I.1: Basic Rotations on One Qubit and Measurements on the Bloch Sphere

Before getting into complicated circuits on many qubits, let us start by looking at a single qubit. Read this chapter: https://qiskit.org/textbook/ch-states/introduction.html

It will help you to learn the basics about the Bloch sphere, Pauli operators, as well as the Hadamard gate and the $S$ and $S^\dagger$ gates.

By default, states in Qiskit start in $|0\rangle$, which corresponds to "arrow up" on the Bloch sphere. Play around with the gates $X$, $Y$, $Z$, $H$, $S$ and $S^\dagger$ to get a feeling for the different rotations. To do so, insert combinations of the following code lines in the lines indicated in the program:

qc.x(0)    # rotation by Pi around the x-axis
qc.y(0)    # rotation by Pi around the y-axis
qc.z(0)    # rotation by Pi around the z-axis
qc.s(0)    # rotation by Pi/2 around the z-axis
qc.sdg(0)  # rotation by -Pi/2 around the z-axis
qc.h(0)    # rotation by Pi around an axis located halfway between x and z

Try to reach the given state in the Bloch sphere in each of the following exercises by applying the correct rotations. (Press Shift + Enter to run a code cell)

1.) Let us start easy by performing a bit flip.
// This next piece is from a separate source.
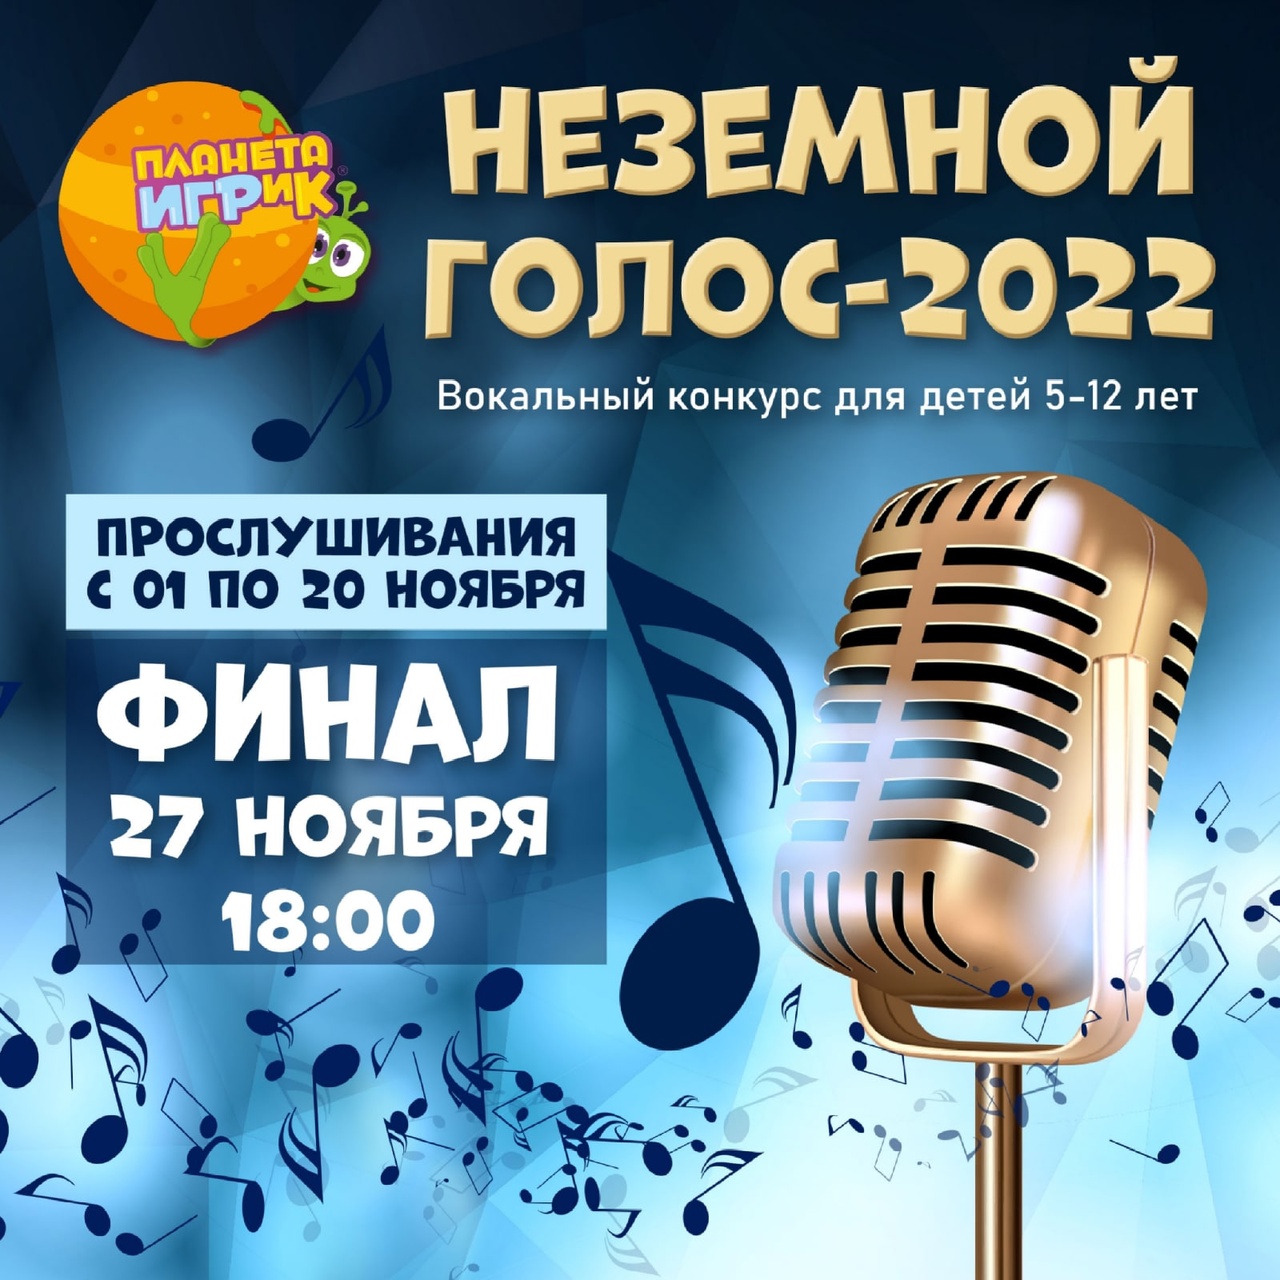 Вокальный конкурс «Неземной голос – 2022»

The goal is to reach the state $|1\rangle$.

2.) Next, we would like to create superposition. The goal is to reach the state $|+\rangle = \frac{1}{\sqrt{2}}\left(|0\rangle + |1\rangle\right)$.
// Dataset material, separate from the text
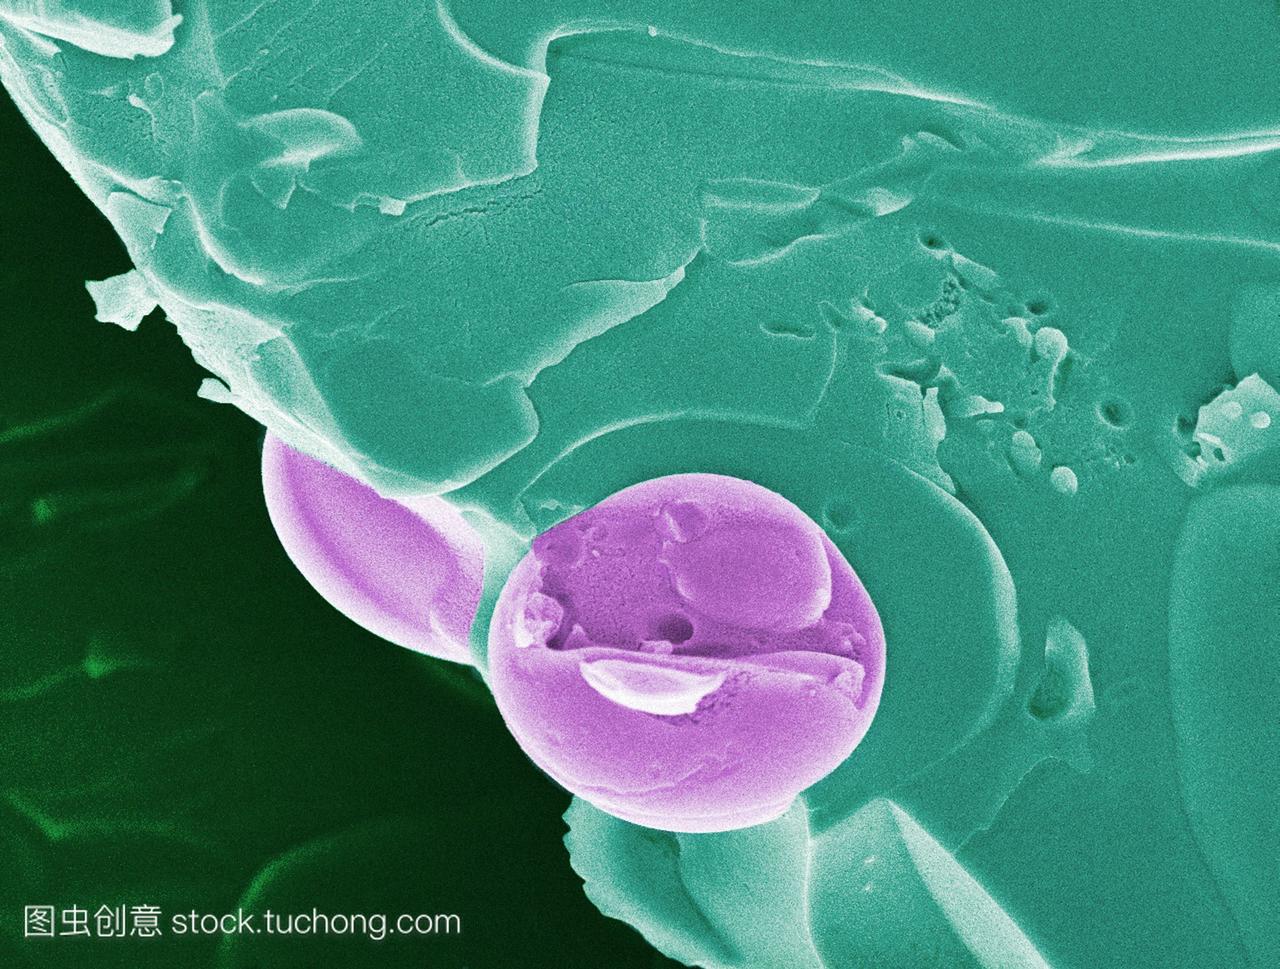 疟疾的血液细胞。彩色扫描电子显微照片sem,

3.) Let's combine the two operations seen before. The goal is to reach the state $|-\rangle = \frac{1}{\sqrt{2}}\left(|0\rangle - |1\rangle\right)$.

Can you even come up with different ways?

4.) Finally, we move on to the complex numbers. The goal is to reach the state $|- i\rangle = \frac{1}{\sqrt{2}}\left(|0\rangle - i|1\rangle\right)$.

I.2: Quantum Circuits Using Multi-Qubit Gates

Great job! Now that you've understood the single-qubit gates, let us look at gates on multiple qubits. Check out this chapter if you would like to refresh the theory: https://qiskit.org/textbook/ch-gates/introduction.html

The basic gates on two and three qubits are given by

qc.cx(c,t)       # controlled-X (= CNOT) gate with control qubit c and target qubit t
qc.cz(c,t)       # controlled-Z gate with control qubit c and target qubit t
qc.ccx(c1,c2,t)  # controlled-controlled-X (= Toffoli) gate with control qubits c1 and c2 and target qubit t
qc.swap(a,b)     # SWAP gate that swaps the states of qubit a and qubit b

We start with an easy gate on two qubits, the controlled-NOT (also CNOT) gate. The CNOT gate has no effect when applied on two qubits in state $|0\rangle$, but this changes if we apply a Hadamard gate before to the control qubit to bring it in superposition. This way, we can create entanglement. The resulting state is one of the so-called Bell states. There are four Bell states in total, so let's try to also construct another one:

5.) Construct the Bell state $|\Psi^+\rangle = \frac{1}{\sqrt{2}}\left(|01\rangle + |10\rangle\right)$.

Let us now also add a measurement to the above circuit so that we can execute it (using the simulator) and plot the histogram of the corresponding counts.

As you can see in the histogram, the only possible outputs are "01" and "10", so the states of the two qubits are always perfectly anti-correlated.

6.) Write a function that builds a quantum circuit on 3 qubits and creates the GHZ-like state, $|\Psi\rangle = \frac{1}{\sqrt{2}} \left(|011\rangle - |100 \rangle \right)$.

Hint: the following circuit constructs the GHZ state, $|GHZ\rangle = \frac{1}{\sqrt{2}} \left(|000\rangle + |111 \rangle \right)$:

We can now also measure this circuit the same way we did before.

Congratulations for finishing these introductory exercises! Hopefully, they got you more familiar with the Bloch sphere and basic quantum gates.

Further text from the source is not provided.